The pKa values of the three histidine residues in the Fv fragment (variable region of the heavy and light chains) of the mouse myeloma protein MOPC 315, measured by high resolution n.m.r. (nuclear magnetic resonance), are 5.9, 6.9 and 8.2. The perturbation of the pKa of one of the histidines (pKa 6.9) on the addition of hapten and the narrow linewidth of its proton resonances suggests that it is at the edge of the combining site. References to the model of the Fv fragment [Padlan, Davies, Pecht, Givol & Wright (1976) Cold Spring Harbor Symp. Quant. Biol. 41, in the press] allows assignment of the three histidine residues, histidine-102H, histidine-97L and histidine-44L. The determination of the pKa of the phosphorus group, by 31P n.m.r., of a homologous series of Dnp- and Tnp- (di- and tri-nitrophenyl) haptens has located a positively charged residue. Molecular-model studies on the conformations of these haptens show that the residue is at the edge of the site. The model suggests that the positively charged residue is either arginine-95L or lysine-52H.

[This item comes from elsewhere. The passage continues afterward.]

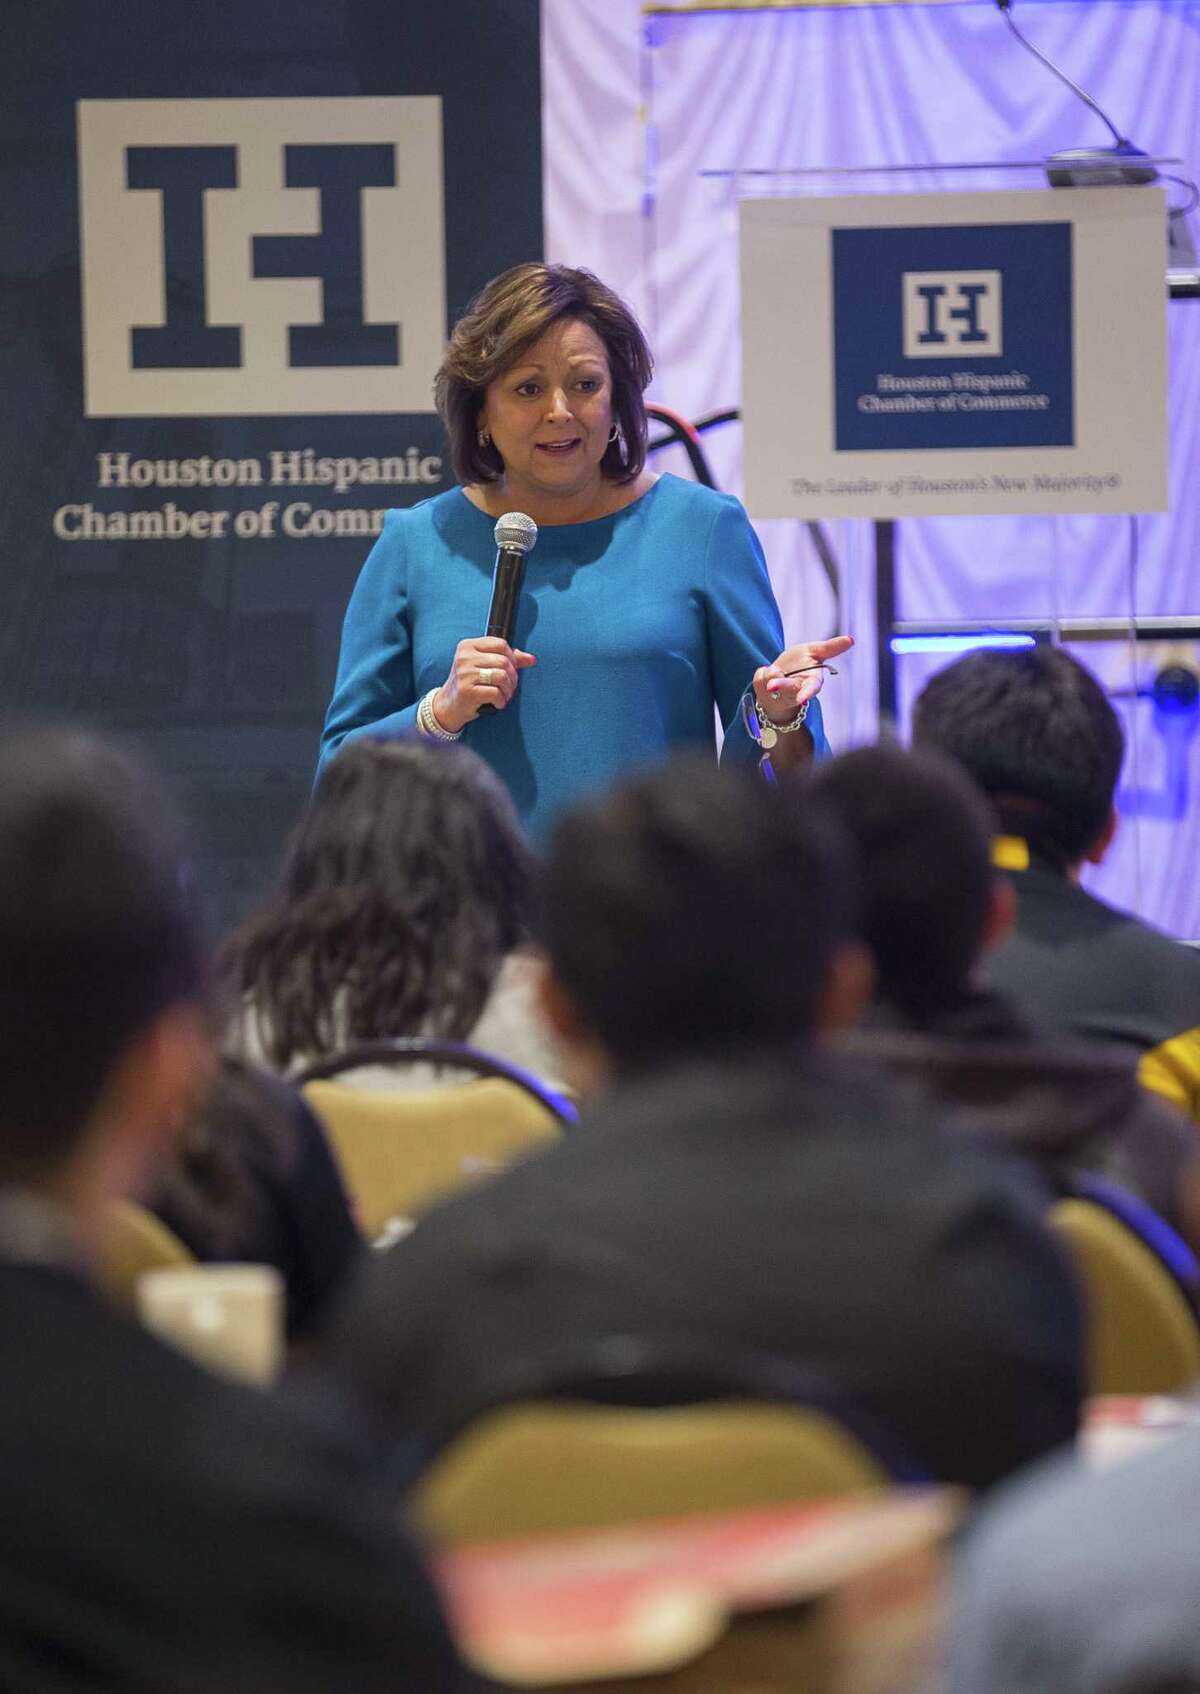 New Mexico Governor Susana Martinez speaks to Houston-area high school students during the Houston Hispanic Chamber of Commerce's Womens Leadership Conference & Business Expo, Thursday, March 15, 2018, in Houston. ( Mark Mulligan / Houston Chronicle )
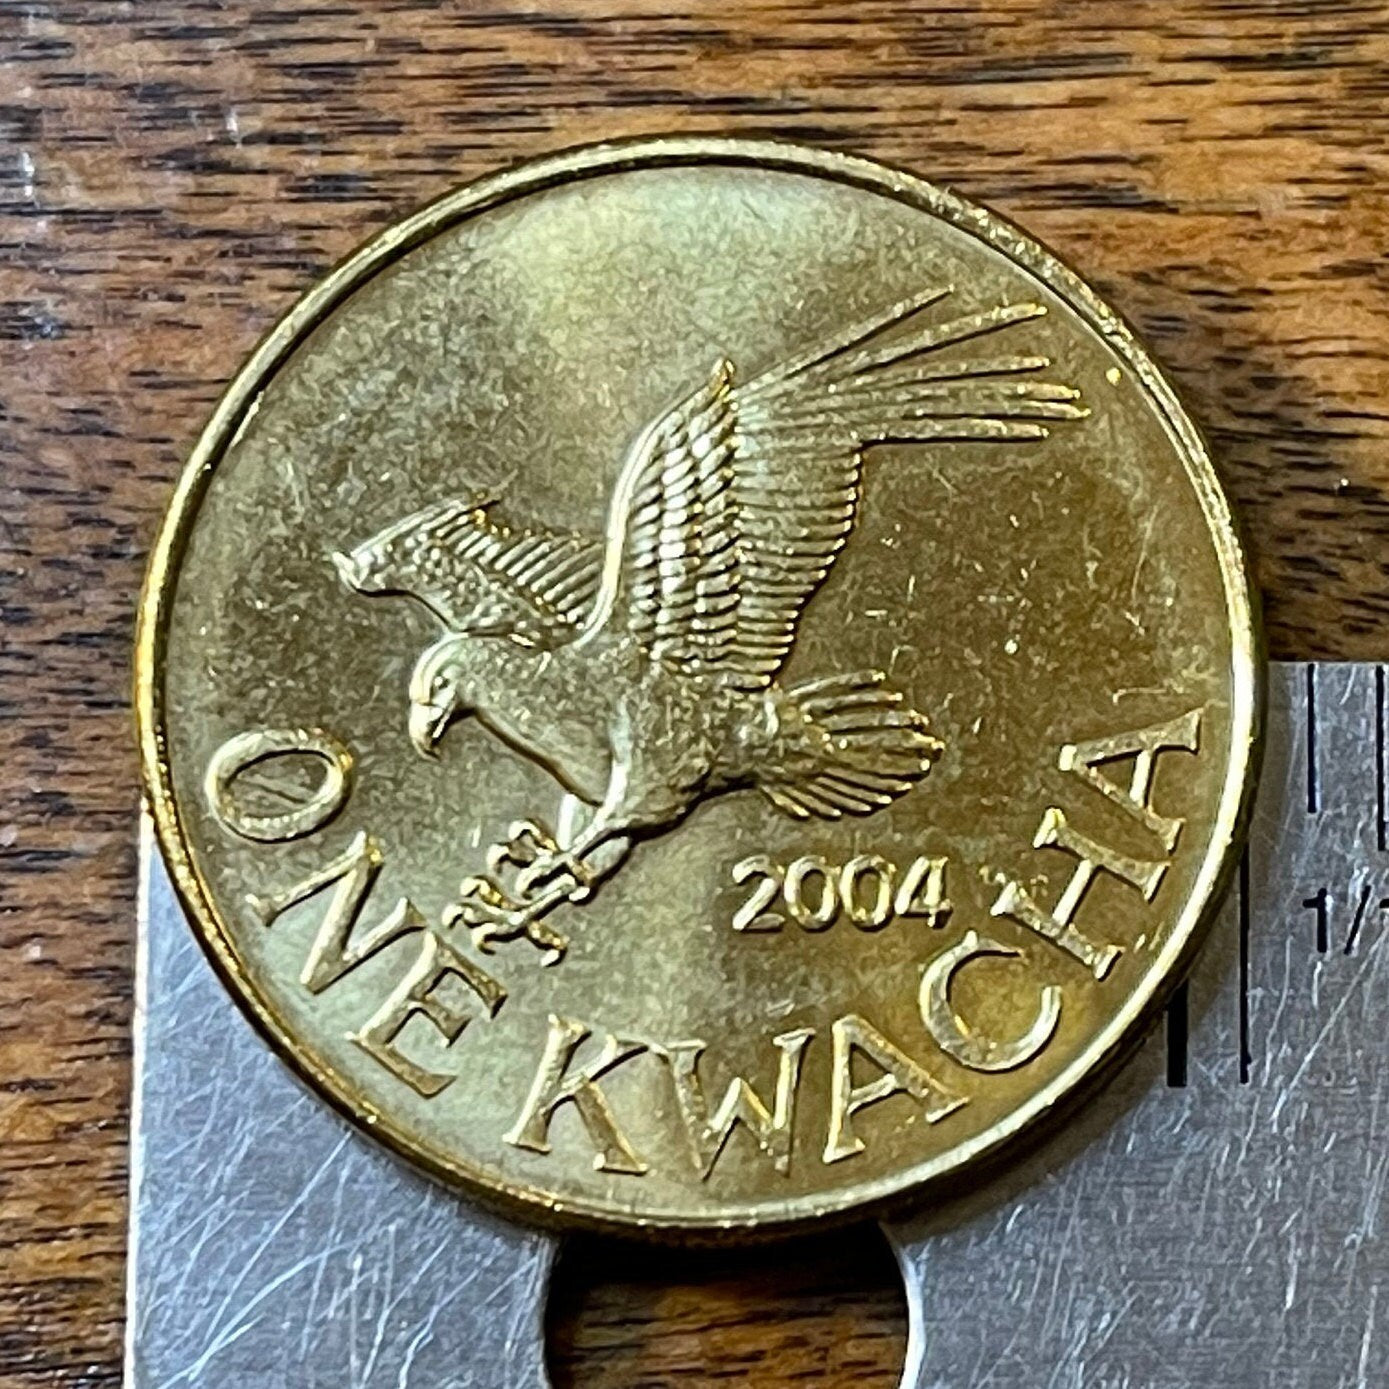 African Fish Eagle Malawi 1 Kwacha Authentic Coin Money for Jewelry and Craft Making

通过高分辨率核磁共振(n.m.r.)测得的小鼠骨髓瘤蛋白MOPC 315的Fv片段(重链和轻链可变区)中三个组氨酸残基的pKa值分别为5.9、6.9和8.2。添加半抗原时其中一个组氨酸(pKa 6.9)的pKa受到扰动,且其质子共振线宽较窄,这表明它位于结合位点的边缘。参考Fv片段模型[帕德兰、戴维斯、佩希特、吉沃尔和赖特(1976年)《冷泉港定量生物学研讨会》第41卷,即将出版]可确定这三个组氨酸残基分别为组氨酸-102H、组氨酸-97L和组氨酸-44L。通过31P n.m.r.对一系列同源的二硝基苯(Dnp)和三硝基苯(Tnp)半抗原的磷基团pKa进行测定,确定了一个带正电荷的残基。对这些半抗原构象的分子模型研究表明,该残基位于位点的边缘。该模型表明,带正电荷的残基要么是精氨酸-95L,要么是赖氨酸-52H。